[Task material]
>>

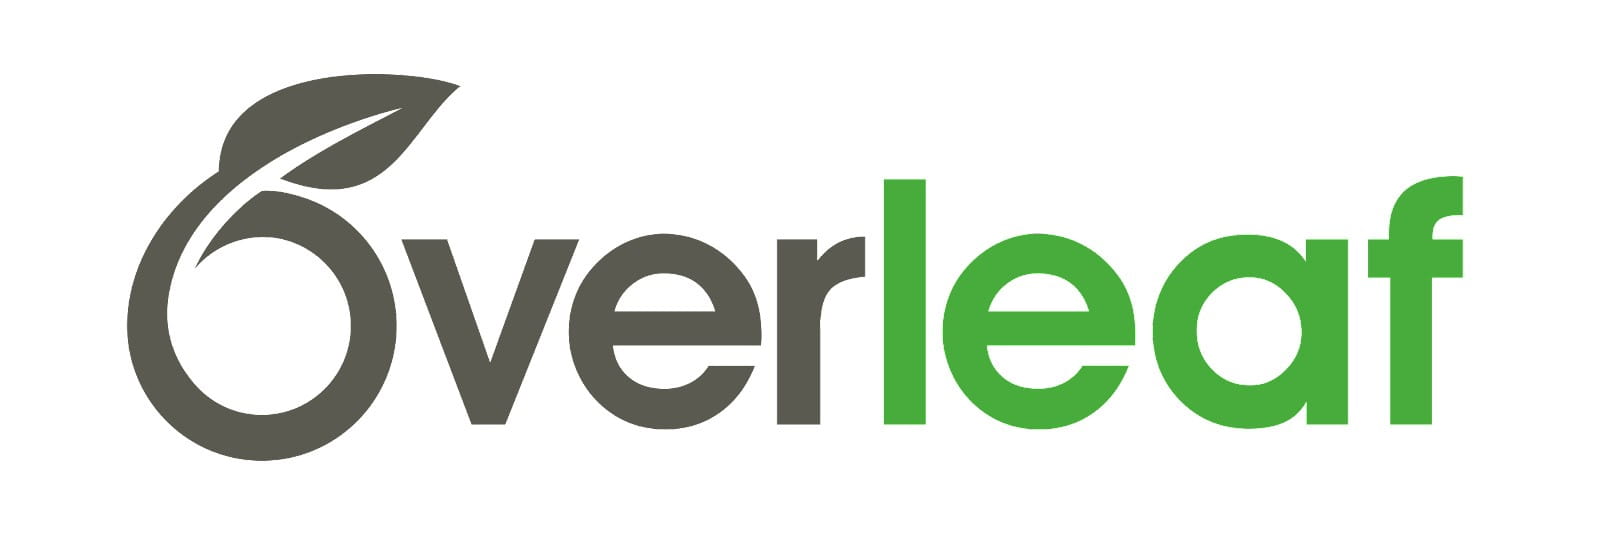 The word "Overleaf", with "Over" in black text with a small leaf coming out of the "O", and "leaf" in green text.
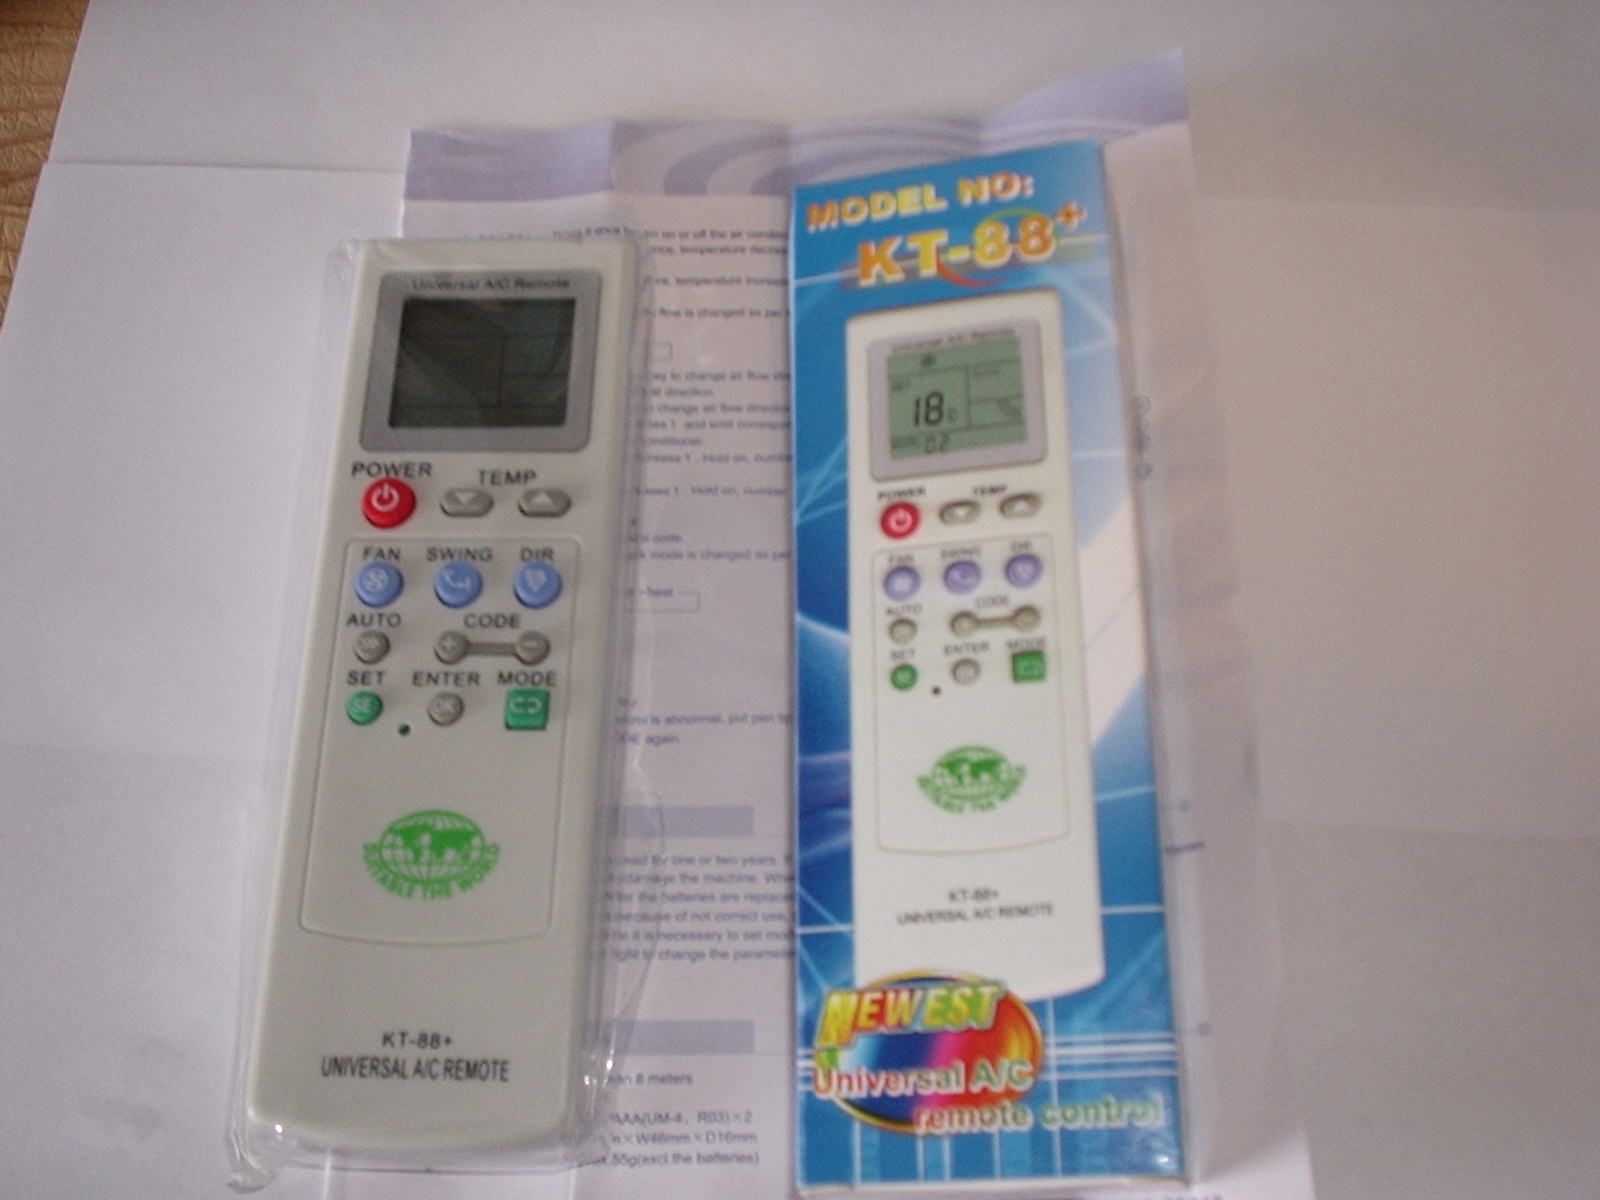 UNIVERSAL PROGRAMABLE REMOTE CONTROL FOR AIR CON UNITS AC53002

<<
>>

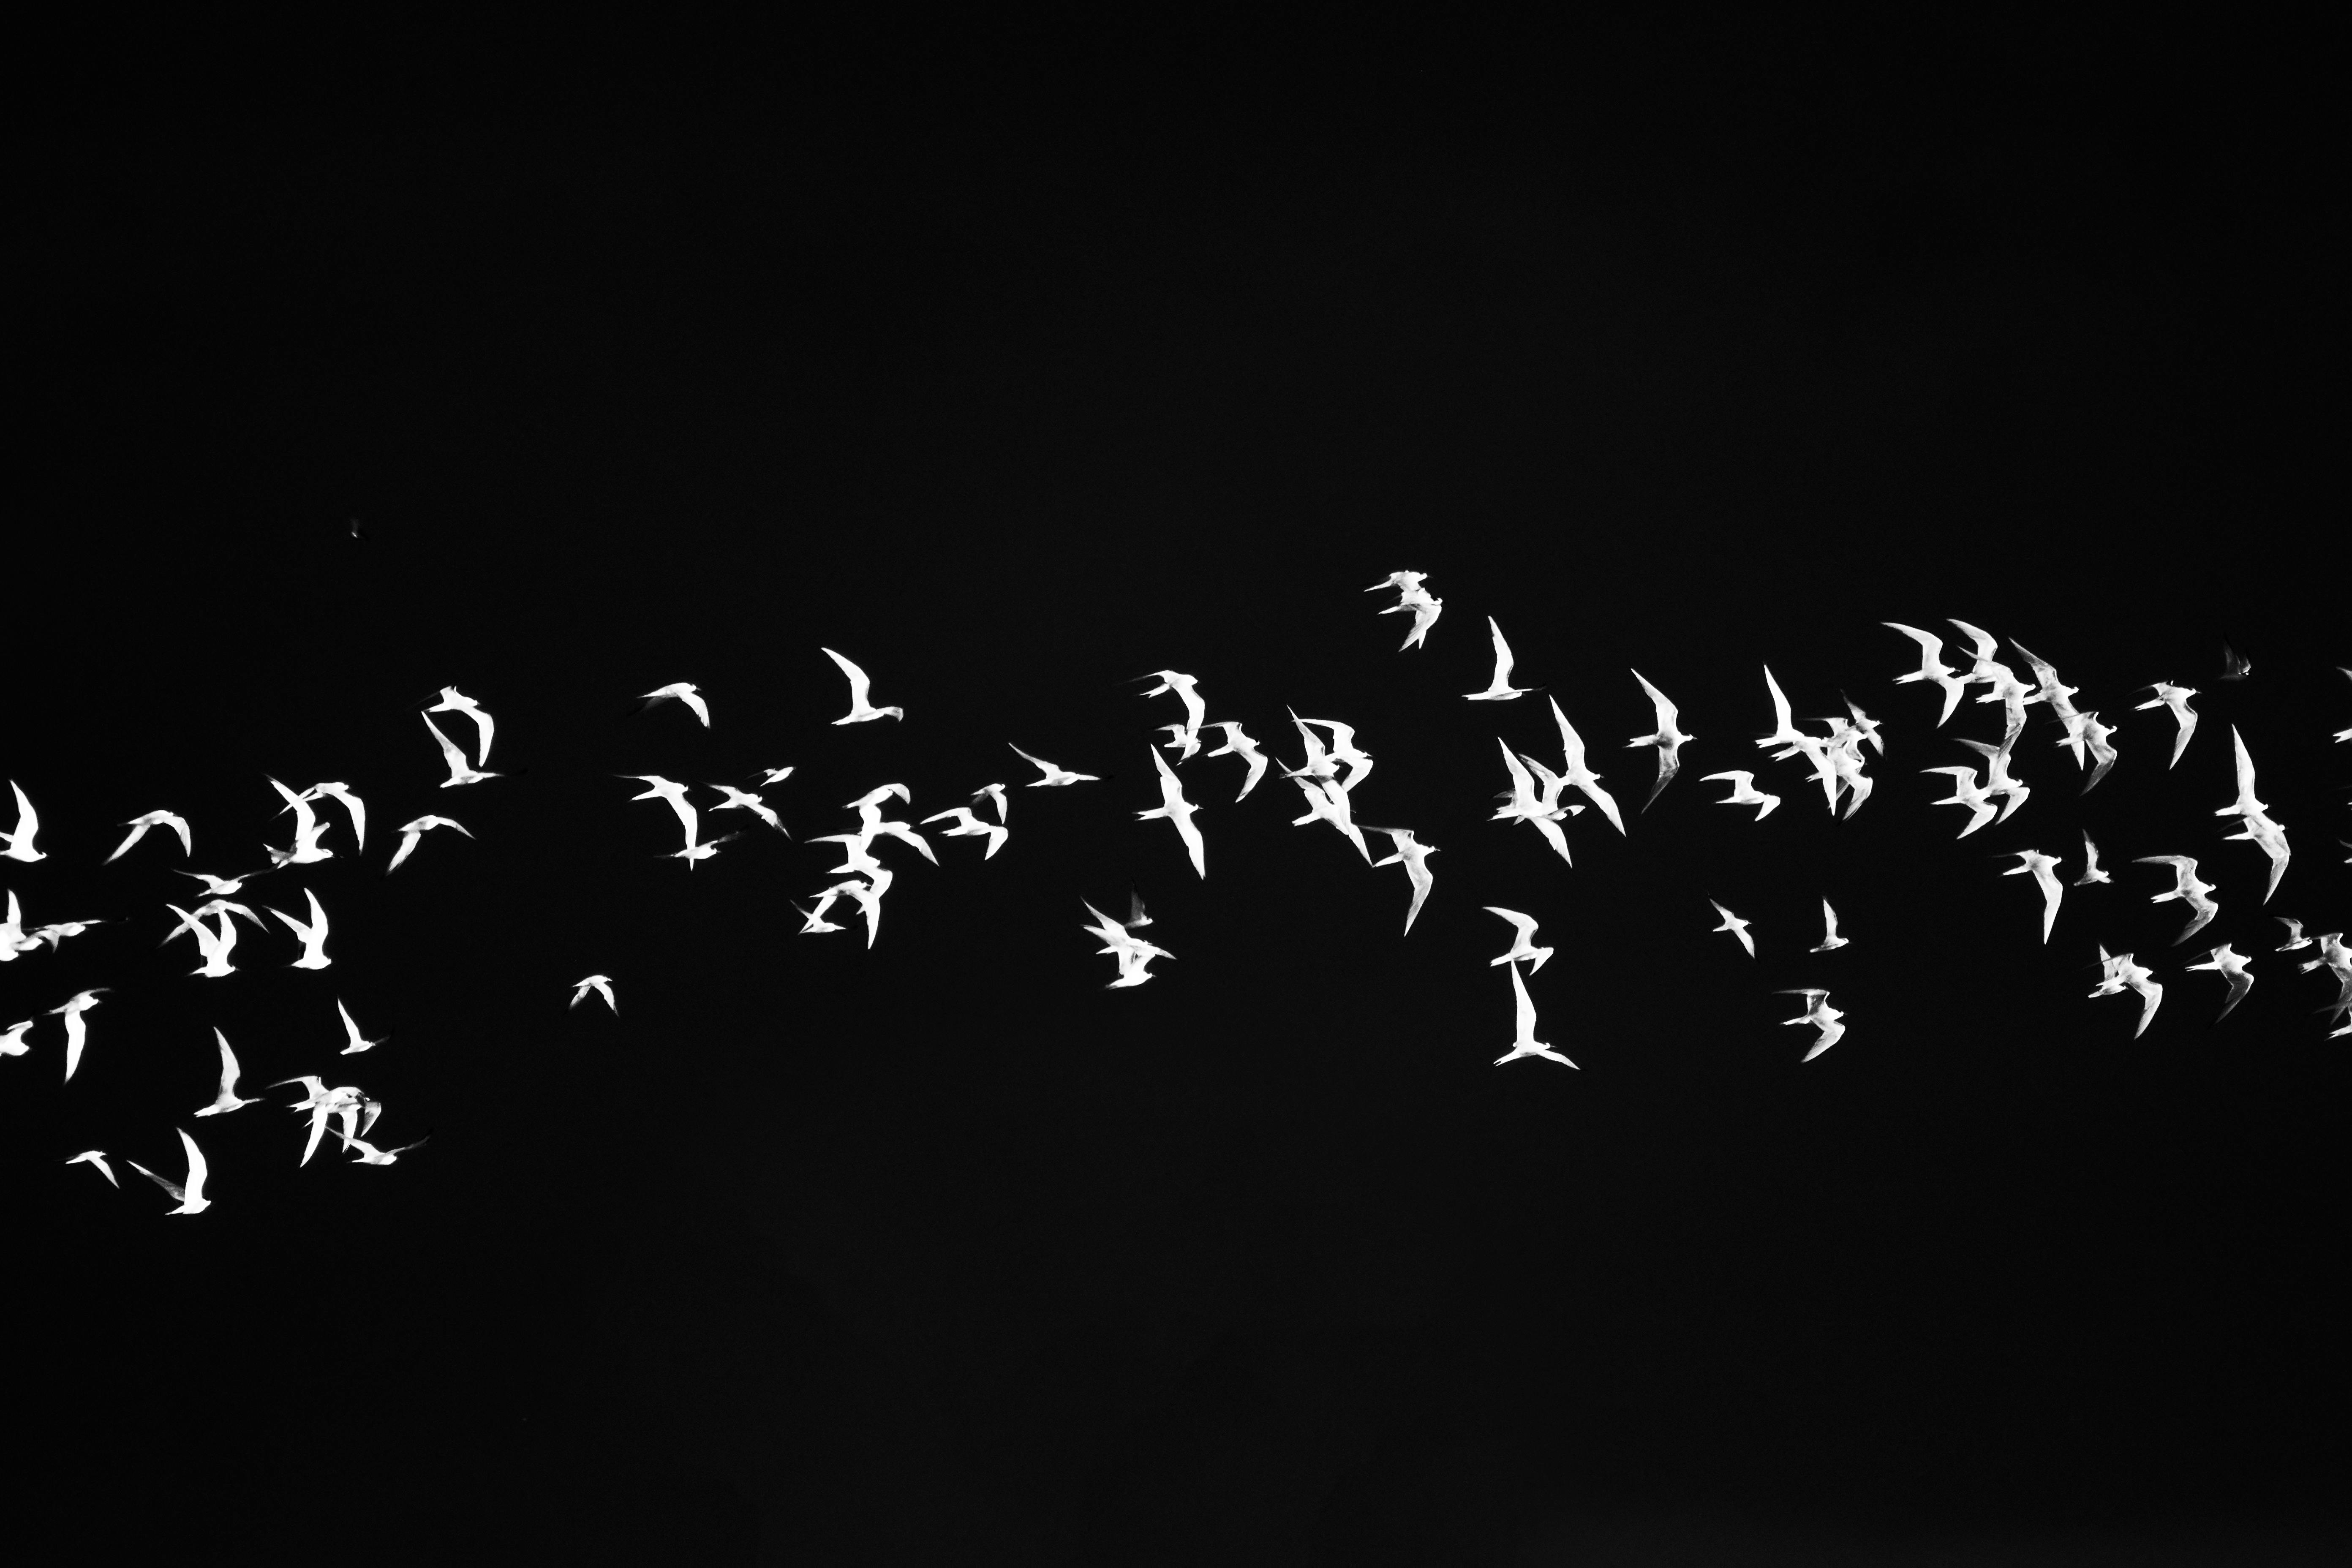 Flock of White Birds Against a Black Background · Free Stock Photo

<<

[Try it]
For this exercise, return exactly the lines above from the line with "in green text." through the line with "UNIVERSAL PROGRAMABLE REMOTE", both included. Do not copy the pictures.

[Solution to this exercise]
 The word "Overleaf", with "Over" in black text with a small leaf coming out of the "O", and "leaf" in green text.
 UNIVERSAL PROGRAMABLE REMOTE CONTROL FOR AIR CON UNITS AC53002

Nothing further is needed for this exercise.